De ser por Donald Trump, el pleito con Corea del Norte debería zanjarse con “furia y fuego”. La declaración de guerra, lanzada antes del último ensayo nuclear de Kim Jong Un, se tradujo en el Consejo de Seguridad de la Organización de las Naciones Unidas (ONU) en un proyecto con el cual pretendía provocar el colapso del país más hermético del planeta. Lo descafeinaron China y Rusia.
La resolución aprobada finalmente prevé limitarle las importaciones de petróleo, prohibirle la exportación de productos textiles y castigar a las empresas navieras que le lleven insumos para misiles o armas. Son sanciones más dóciles que las impulsadas por Trump.
Kim no se salió con la suya, pero, a pesar de ser el más débil en un conflicto que también involucra a Corea del Sur y Japón, aprovechó el padrinazgo histórico de China y las diferencias de Vladimir Putin con Trump para atenuar el impacto de la multa por sus pruebas nucleares.
La más reciente, el 3 de setiembre, desencadenó un terremoto que traspuso sus fronteras e hizo sonar las alarmas en la ciudad de Yanji, China. En manos del presidente de ese país, Xi Jinping, por la cercanía geográfica y supuestamente ideológica, queda el cumplimiento de la resolución del Consejo de Seguridad.
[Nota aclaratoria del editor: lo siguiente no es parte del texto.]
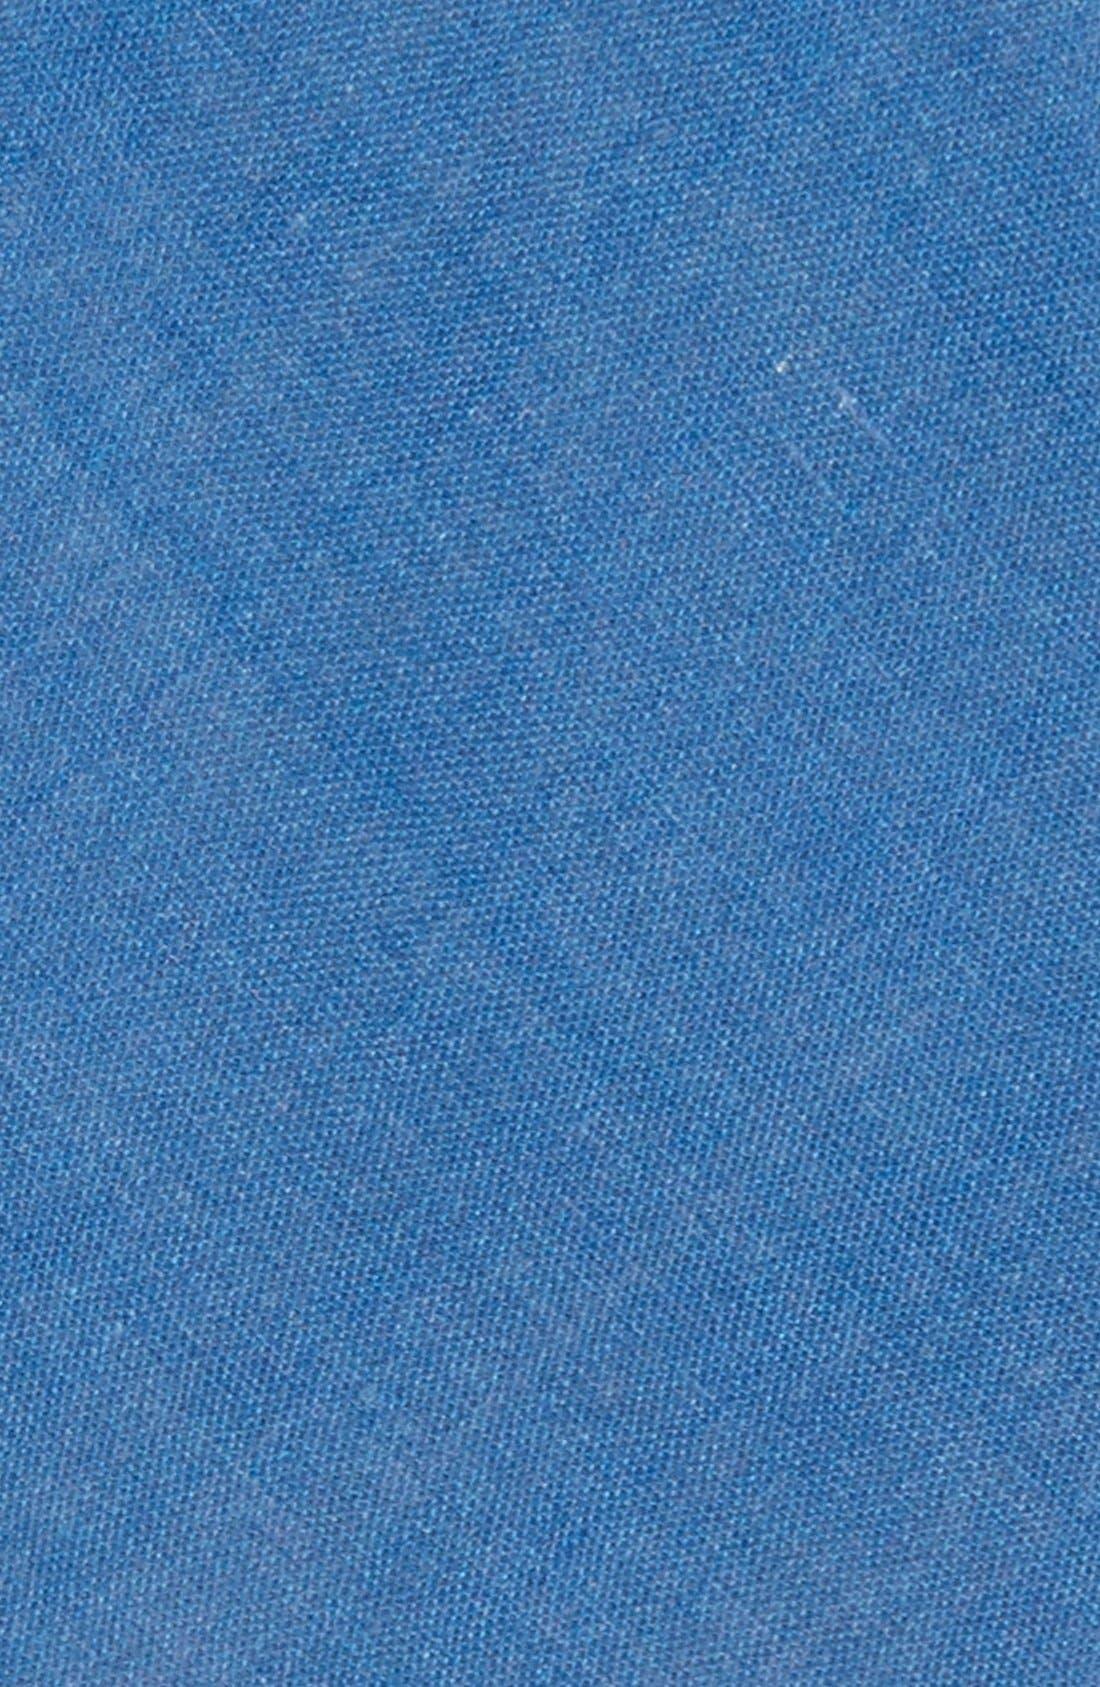 Alternate Image 2  - EDIT by The Tie Bar Solid Linen Tie (Nordstrom Exclusive)

Trump procuraba el bloqueo absoluto de la dictadura norcoreana. Su proyecto incluía el congelamiento de los activos en el exterior de Kim y de la aerolínea de bandera Air Koryo, así como el retorno de 60.000 norcoreanos que trabajan en 50 países y envían remesas a sus parientes.
En Washington, los generales desalentaron a Trump de insistir en la retórica bélica. Corea del Norte, acaso como Irán, se aferra a su programa nuclear para jugar en las grandes ligas, más allá de los sustos que causa.
Si Kim cumpliera con su amenaza de atacar las bases militares norteamericanas de la isla de Guam o Japón, Estados Unidos respondería de inmediato. En una guerra convencional, el primer blanco sería Seúl, donde los surcoreanos rechazan el sistema antimisiles Thaad, tendido por Estados Unidos al igual que en Japón. Lo consideran un bumerang en lugar de un escudo protector.
Decía Mao Zedong que China y Corea del Norte eran tan íntimos “como los labios y los dientes”. China evitó una victoria de Estados Unidos en la Guerra de Corea. Eso ocurrió a mitad del siglo XX. En esos años, el presidente Harry Truman dejó entrever la posibilidad de iniciar una guerra nuclear. Desde la ONU hasta los gobiernos aliados de Estados Unidos objetaron su presencia militar en la península. China y Corea del Norte siguieron a su aire del otro lado de la frontera trazada por la Guerra Fría.
Todos los presidentes norteamericanos aprendieron de Truman la lección de lo que no se debe hacer cuando de diplomacia nuclear se trata. Todos menos Trump.
También se mostró molesto con la inacción de su par de Corea del Sur, Moon Jae-in. Lo amenazó con liquidar el acuerdo comercial entre ambos países. Moon ganó las elecciones de mayo. Predicó en la campaña a favor de la reconciliación con Corea del Norte y en contra del sistema antimisiles.
Kim sonríe. En China lo ven como un “gordinflón malcriado”. En el Senado de EEUU lo llaman “muchacho demente y gordo”. Trump llegó a decir que estaba “loco de remate”. Loco o no, el líder de la nación más aislada y una de las más pobres del planeta se ha convertido en la principal amenaza para la más poderosa, atada de pies y manos en un concierto internacional regido por intereses y diferencias. De ellas se vale Kim a pesar de las penurias de su pueblo, sometido a la tercera generación de una dinastía implacable e imprevisible. La estrenada por su abuelo, Kim Il-sung, muerto en 1994. El Presidente Eterno, el único para el régimen comunista.